So far, the data was extracted from the root of the initially provided JavaScript object. However, each template can refer another one, taking the data extracted from it, as a basis for its own processing.

Nested blocks. Consider this spreadsheet:

A B C D E F
1 {{ | rows | header }} {{ A1 | 1 * data | }}
2
3

The template in A1 is clear - it expands into the range A1:A3 as expected. The template in B1, however, introduces two new, interesting aspects. First, it refers another template - the one in A1, and second - it gives strange notion of how the data is extracted - 1 * data, instead of just data.

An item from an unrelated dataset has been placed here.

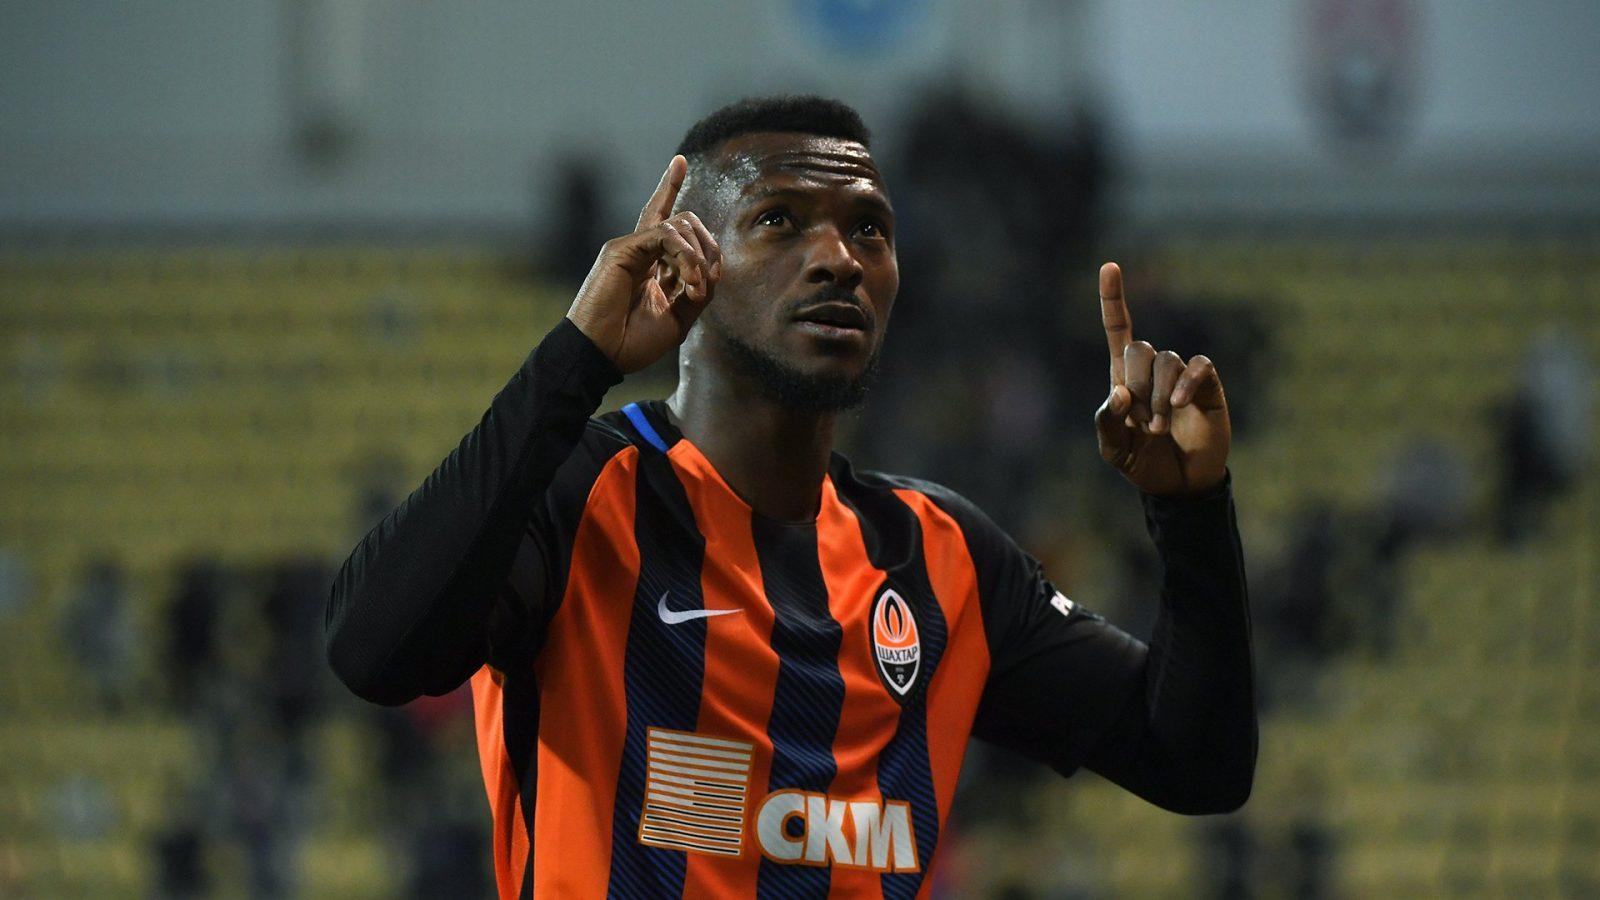 Olanrewaju Kayode declares his best days are still ahead

The second one is simple - since the general data extraction form is <rows> * <columns> and, for example rows (in A1) is a shorthand for rows * 1, so the 1 * data instructs the engine to expand the retrieved data horizontally (i.e. in many columns, but a single row), rather than vertically.

The first one - the reference - means that the B1 will not extract the data directly from the provided JS object, but rather - from the data already extracted from the referred template. And this happens for each data entry extracted from the referred template.

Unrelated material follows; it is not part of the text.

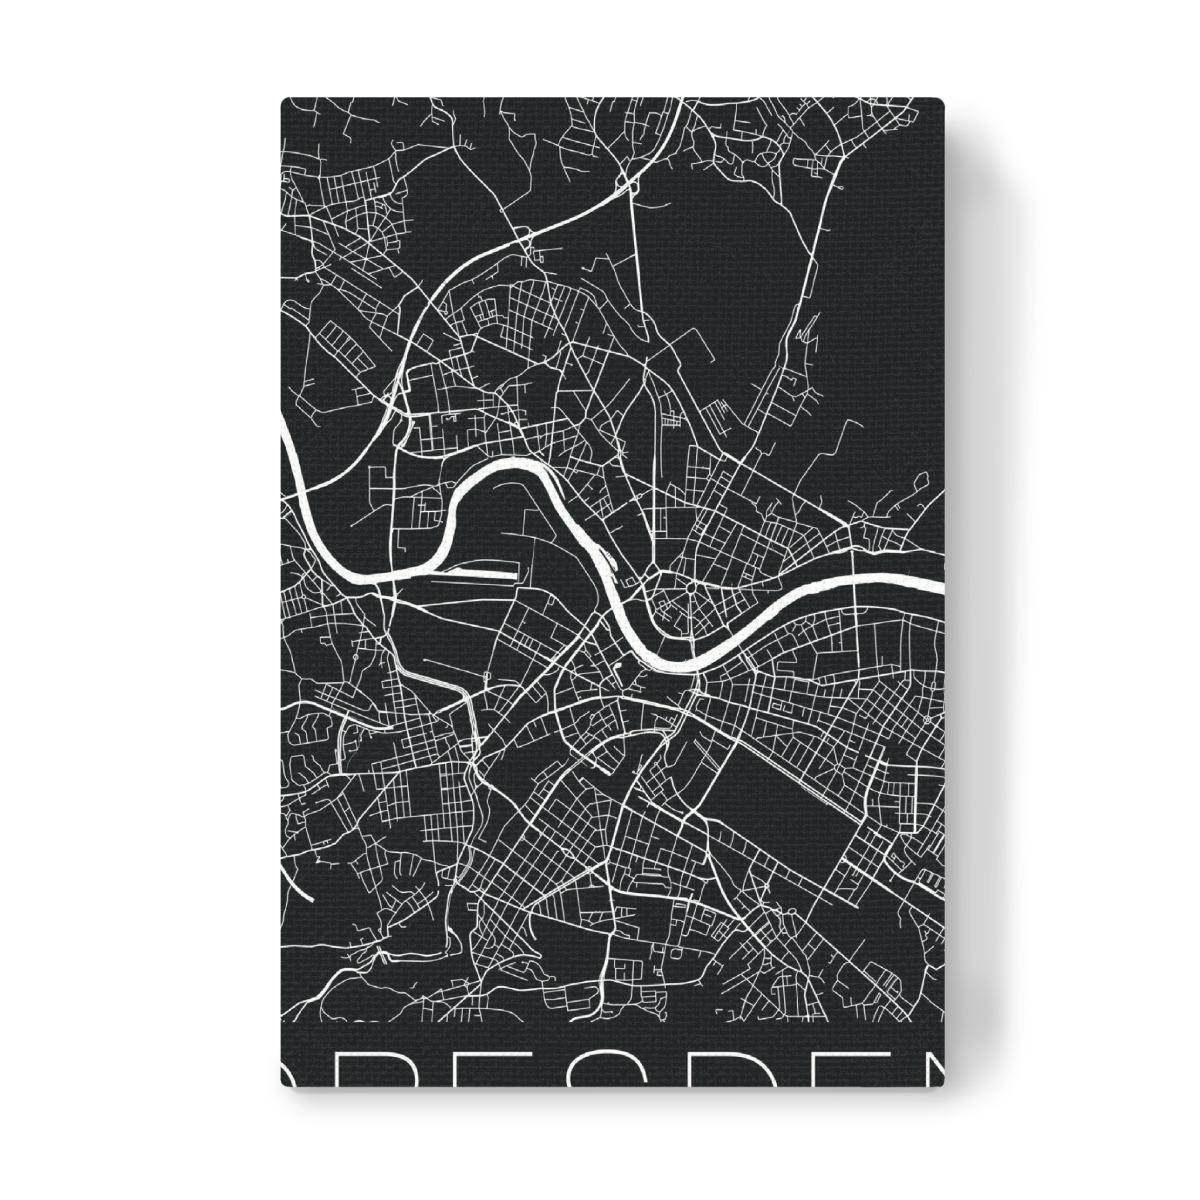 Retro Map Dresden Germany als Leinwand bei artboxONE kaufen on

Replaying in "slow-mo", the whole data extract & placement process will look like:

  1. The engine processes A1 template:
    1. Extracts the data, resulting in an array of 3 objects (exactly the one referred by rows property).
    2. From each of these object, a value is extracted using the header property, resulting in the following array: [“Row 1”, “Row 2”, “Row 3”].
    3. The values are placed from the template’s cell (A1) downwards.
  2. For each of the objects in the array, extracted in [1.a], all dependent templates - in this case B1 are processed. We’ll show the processing for only the { “header”: “Row 1”, “data”: [...]} object:
    1. Data is extracted using the data property from the provided reference object, resulting in an array of 5 numbers.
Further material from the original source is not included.